Start of Block

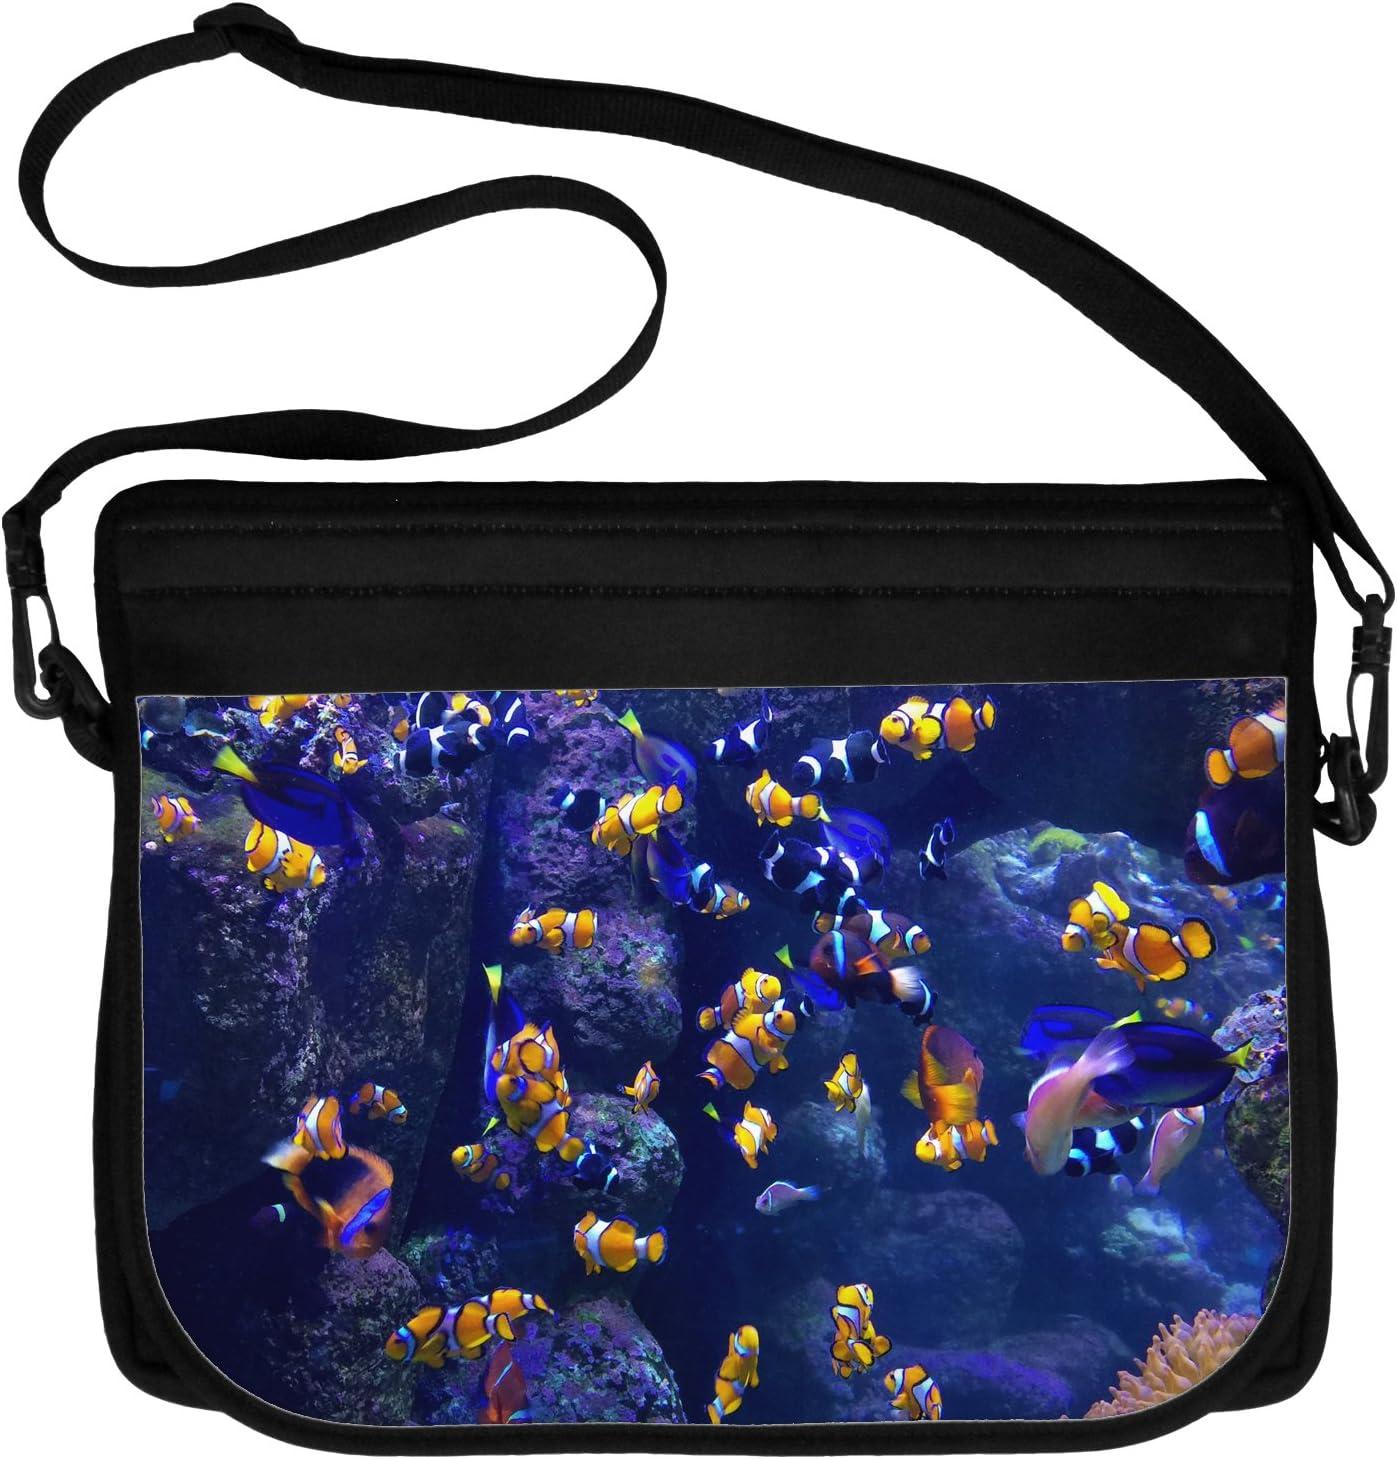 TooLoud Underwater Ocean View Clownfish Neoprene Laptop Shoulder Bag All Over Print
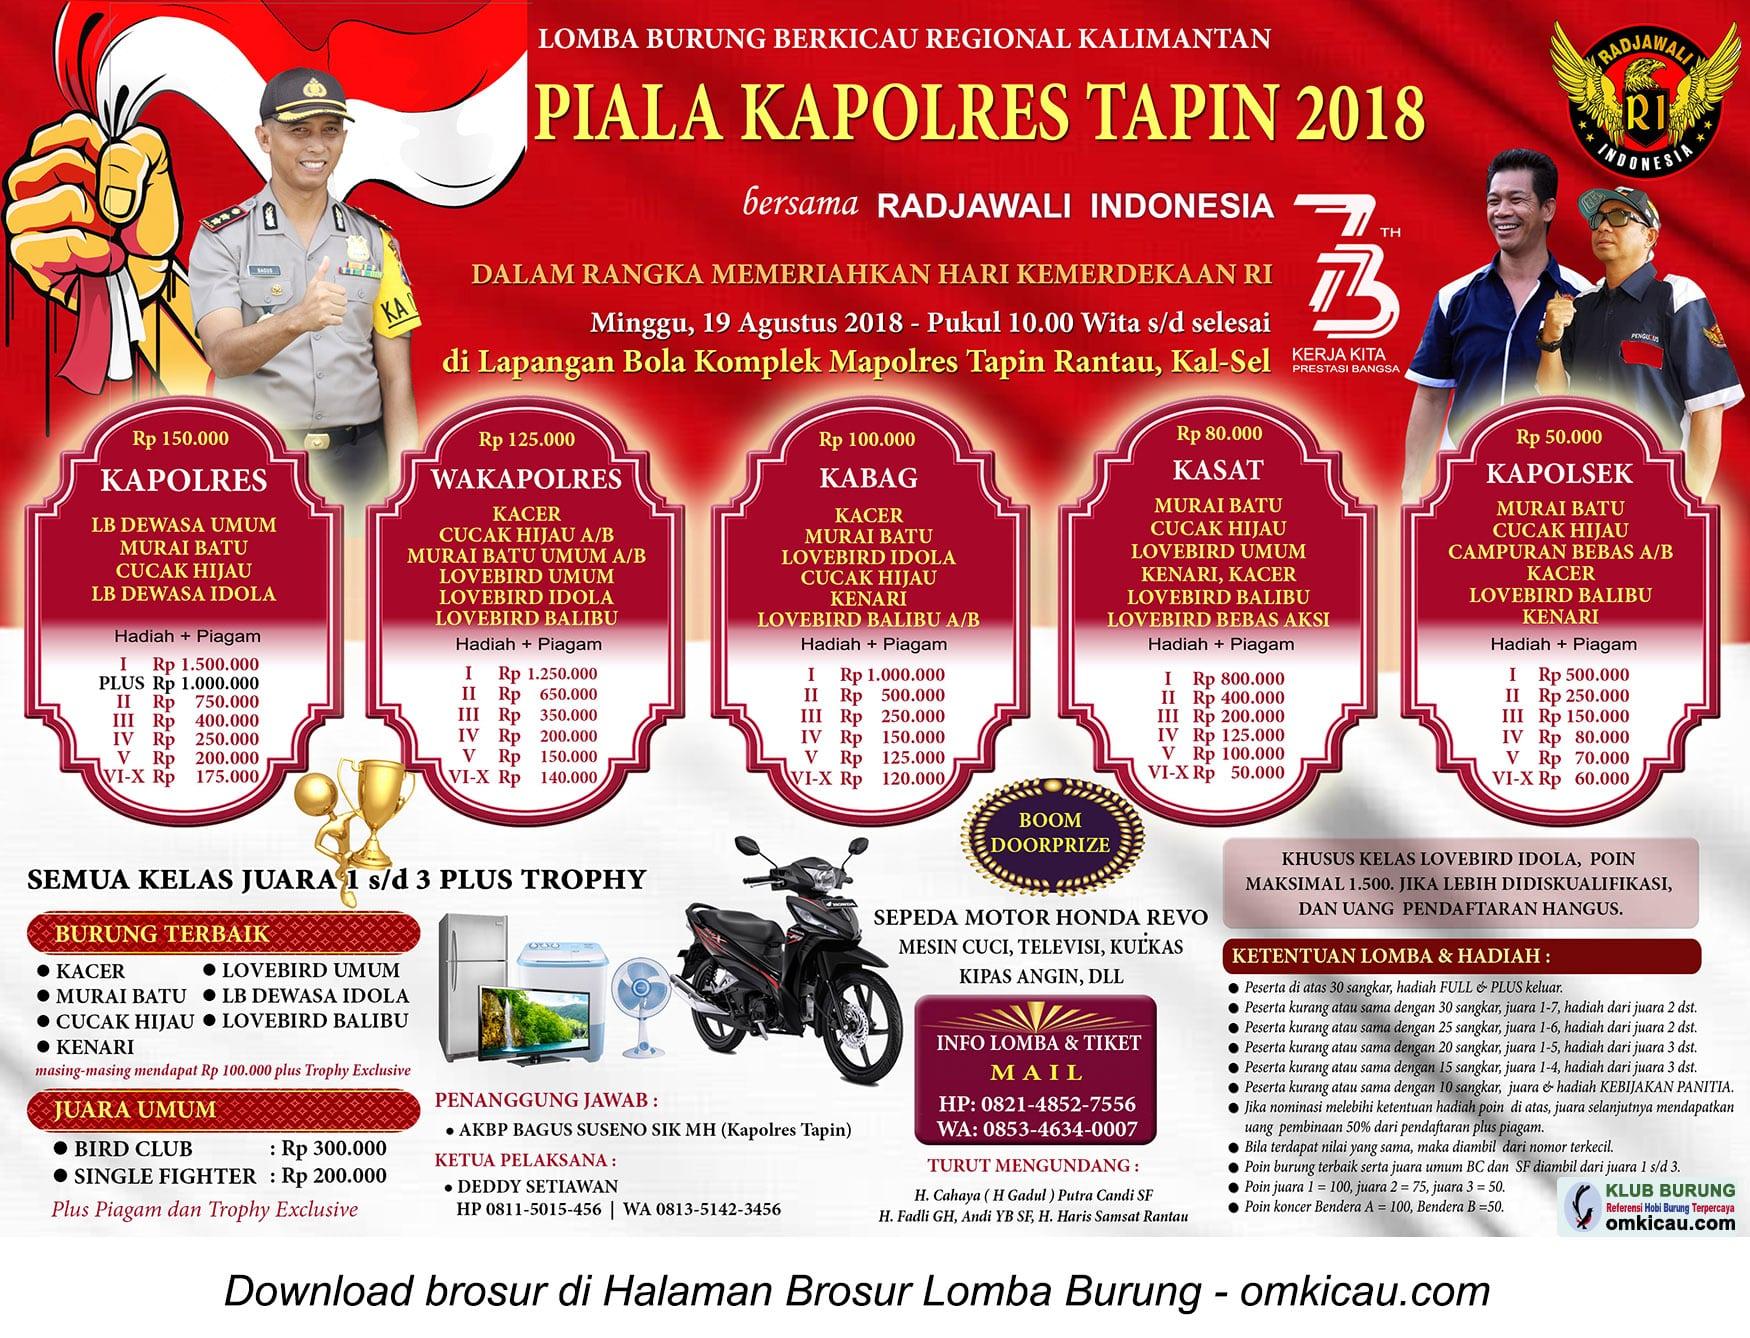 Piala Kapolres Tapin
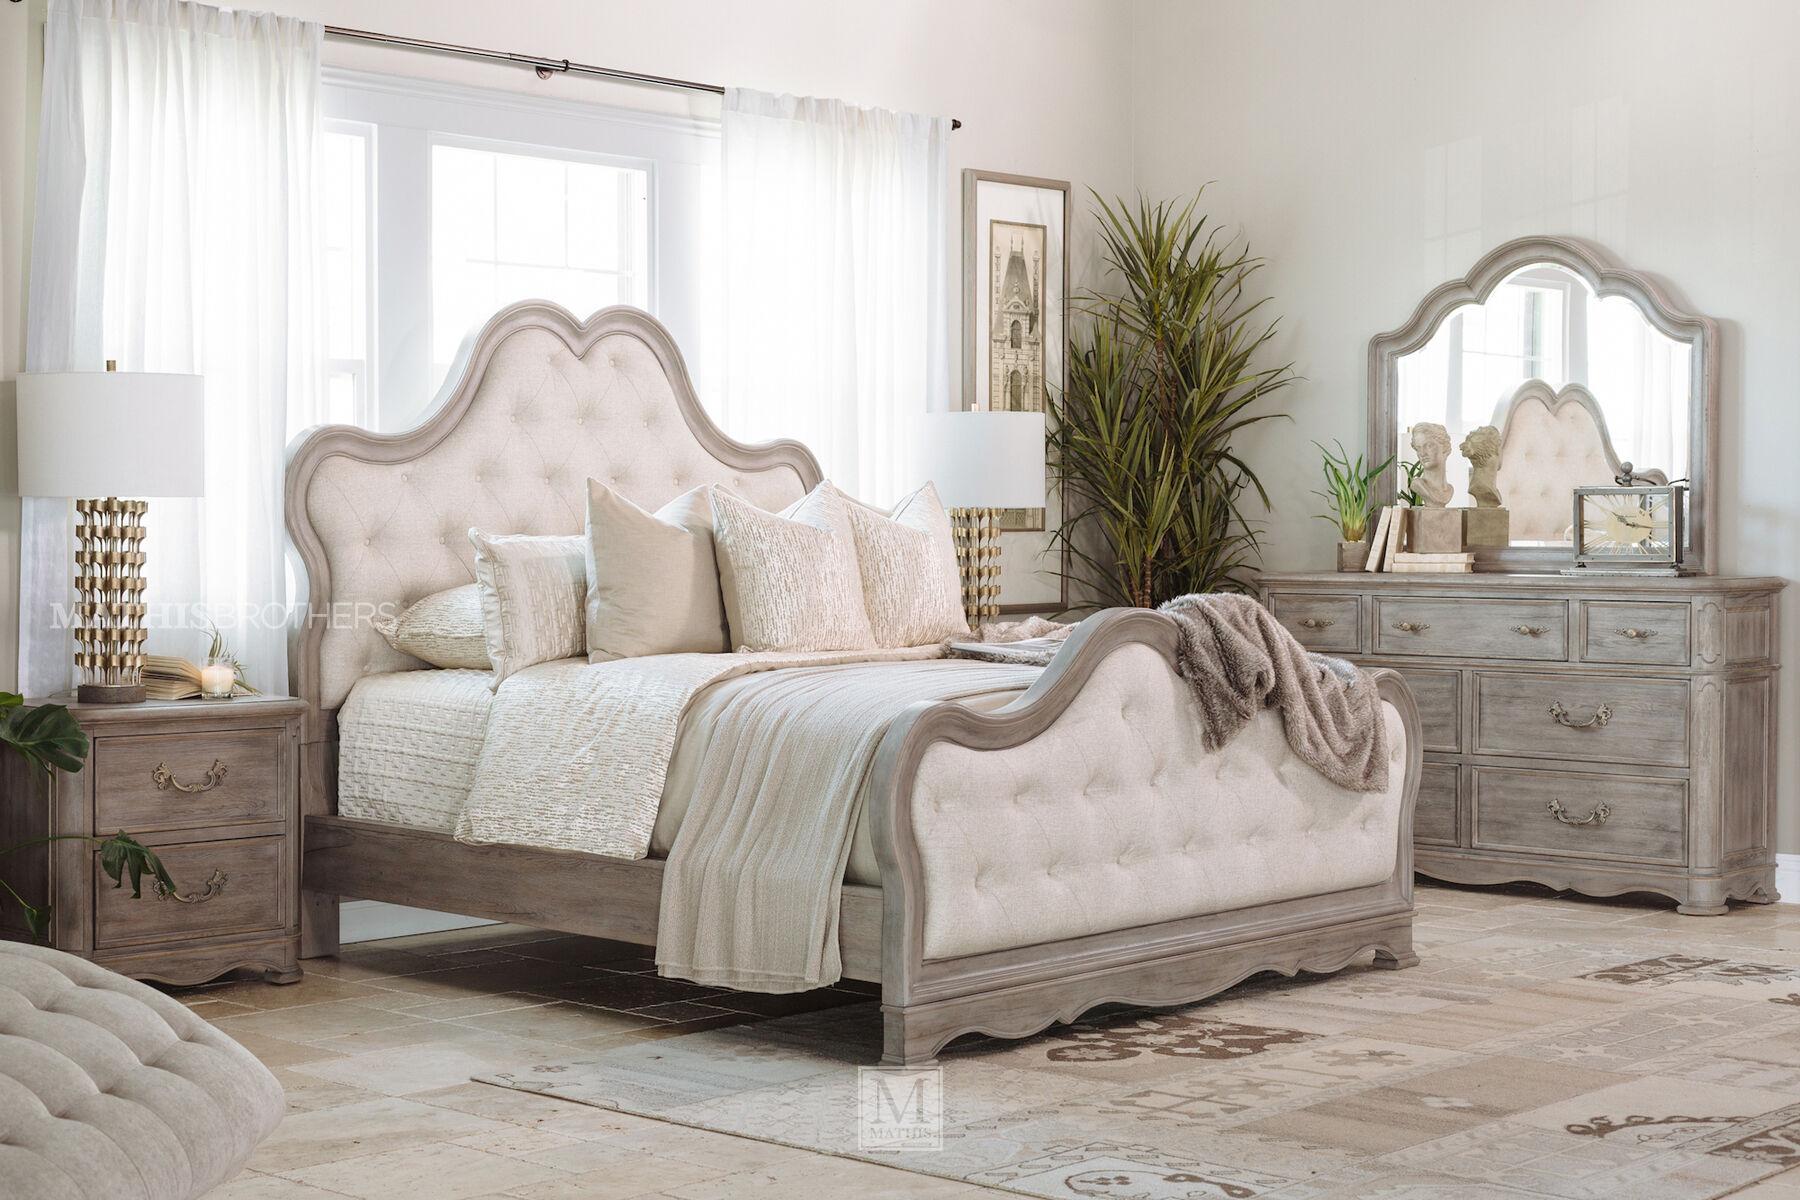 Pulaski Simply Charming Queen Bedroom Suite Pulaski Simply Charming Queen  Bedroom Suite
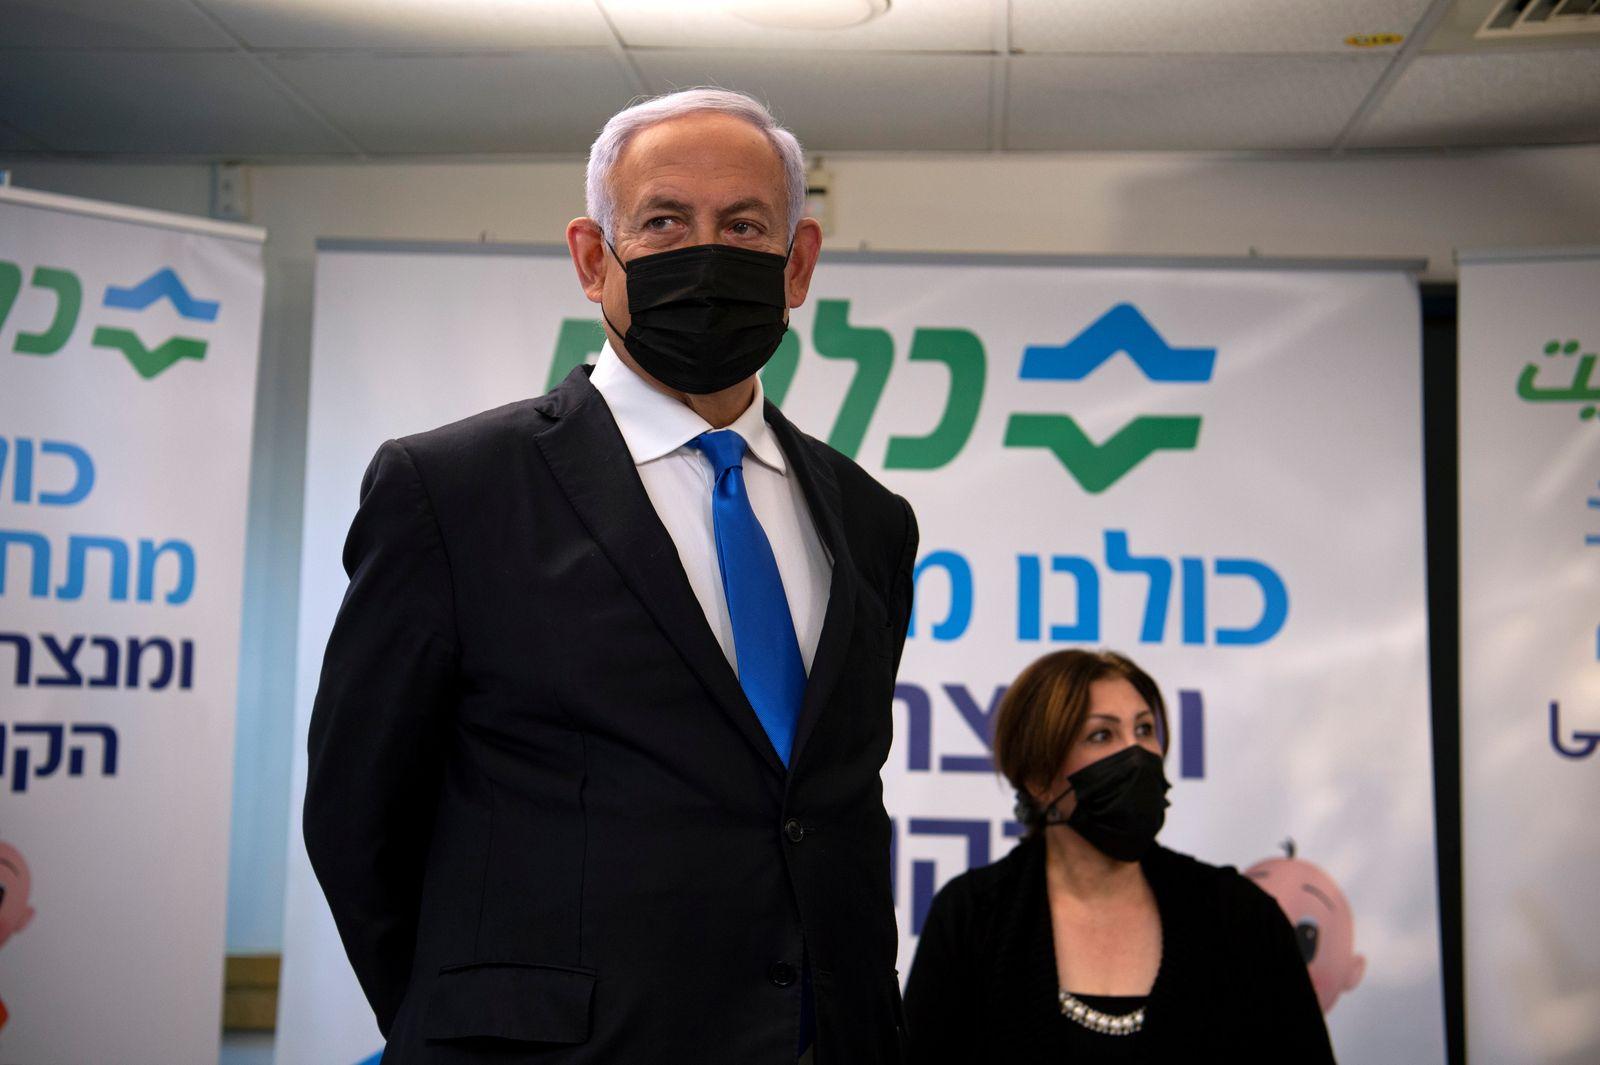 Israeli PM Netanyahu visits a coronavirus vaccination facility in Nazareth

End of Block

▸ EXERCISE: Because the copy must hold no pictures, return only the lines that run from the line containing "Pulaski Simply Charming Queen Bedroom" to the end of the data above, each exactly as it stands.

▸ RESULT OF THIS TASK:
 Pulaski Simply Charming Queen Bedroom Suite Pulaski Simply Charming Queen  Bedroom Suite
 Israeli PM Netanyahu visits a coronavirus vaccination facility in Nazareth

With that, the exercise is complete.